# World of Tanks



## Vladd67 (Apr 5, 2014)

Anyone play this? Playing on the EU server there is a lack of communication between players, partly due to language problems but also national rivalries. Other than that I find this game a lot of fun and am slowly working my way up the tiers.


----------



## Foxbat (Apr 5, 2014)

Tried it for a while but got bored with it. In its defence, I have rapidly become bored with every single multiplayer  thing I've tried so it's not an unusual occurance.


----------



## AdmiralGeezer (Jul 29, 2014)

Great game! At least my friends have been playing it for a very long time. I myself have played League of Legends more.


----------



## Darkranger85 (Aug 17, 2014)

Vladd67 said:


> Anyone play this? Playing on the EU server there is a lack of communication between players, partly due to language problems but also national rivalries. Other than that I find this game a lot of fun and am slowly working my way up the tiers.



The lack of communication doesnt just come from language or rivalries.
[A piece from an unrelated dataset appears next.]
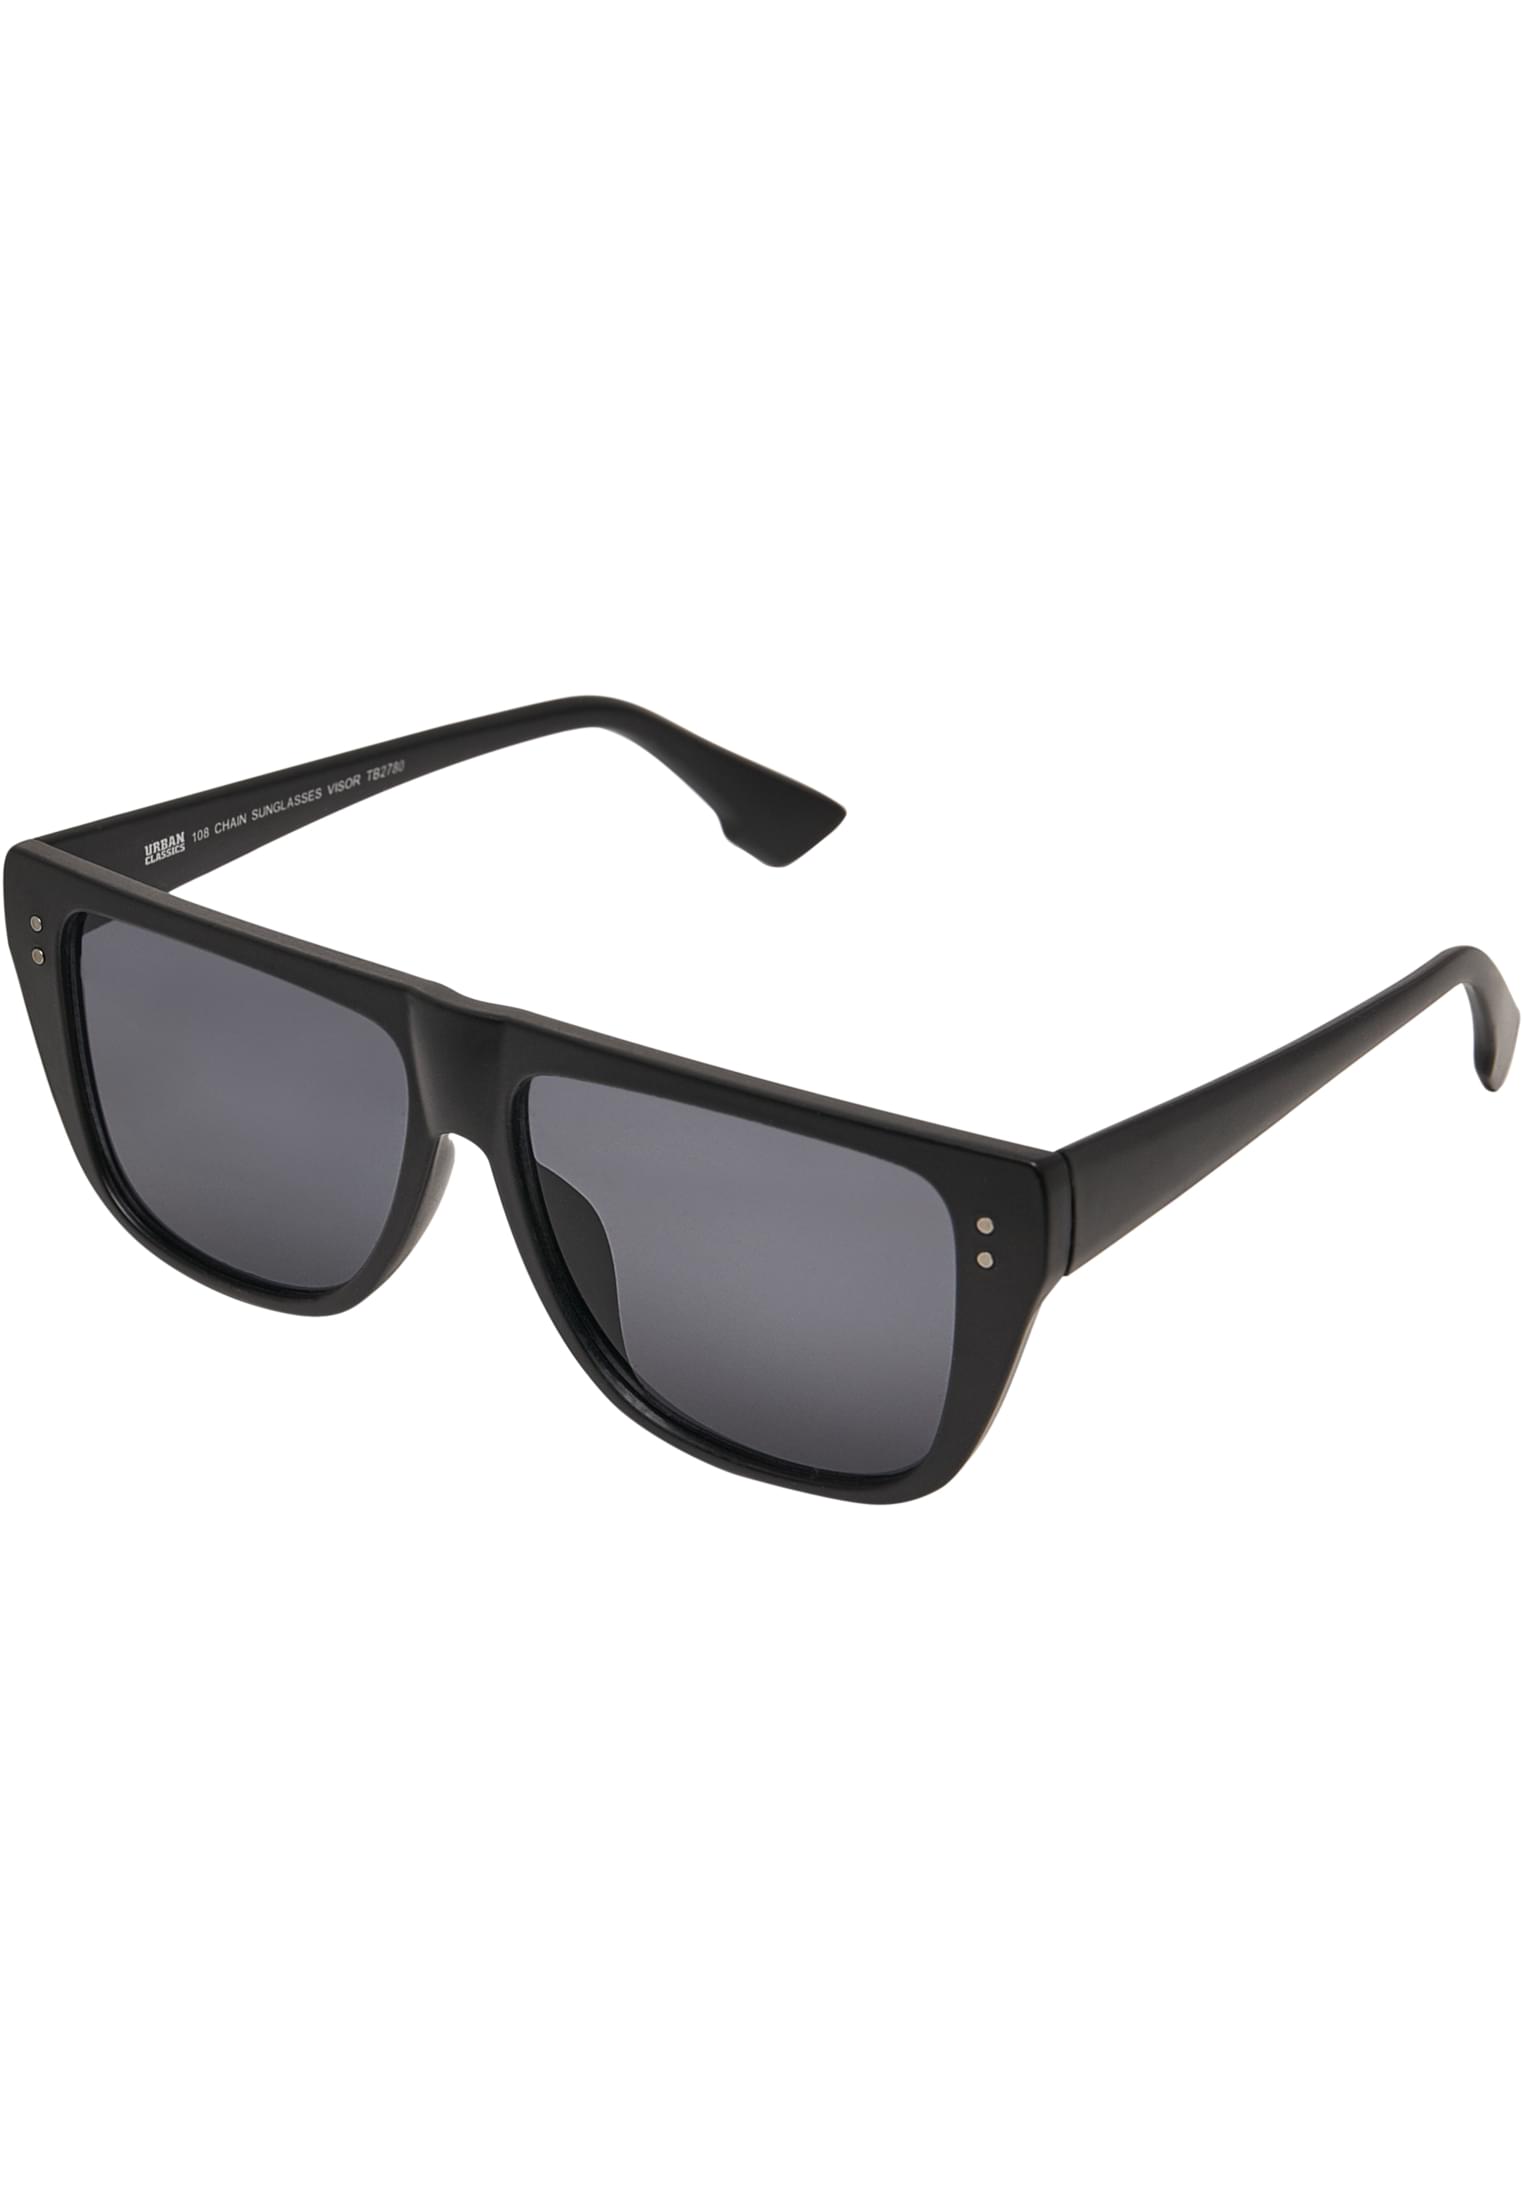 Chain Sunglasses 108 Visor-TB2780

The sheer fact of the matter is that you will NEVER have organization of any real kind in a game that randomly makes teams from pools of players. No one has any reason to follow the lead of another person. It's just how it is.
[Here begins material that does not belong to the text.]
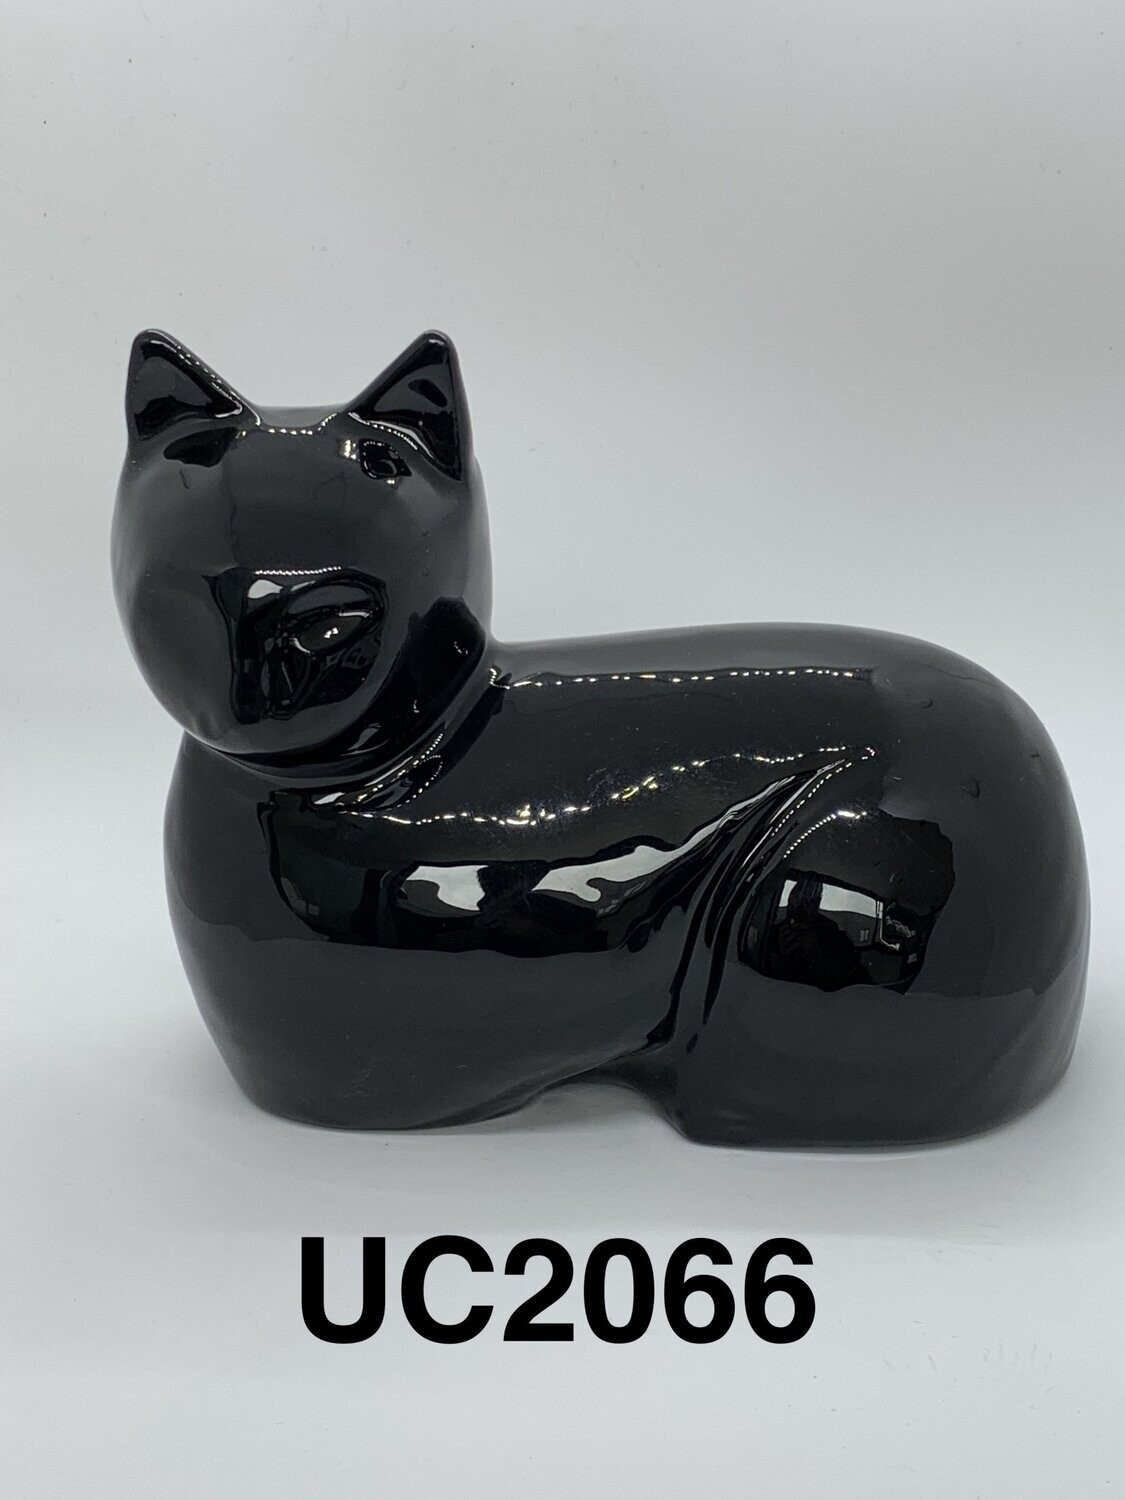 UC2066

I've been playing WoT for years, it's a great game even though I can't stand the moderators.


----------



## AlexanderSen (Dec 18, 2014)

My friends and me played this game everynight for a while. We used voice chat on steam so we could platoon and communicate to each other. There was some great tag teaming we did using wolf packs and formations. You can platoon up to three players.


----------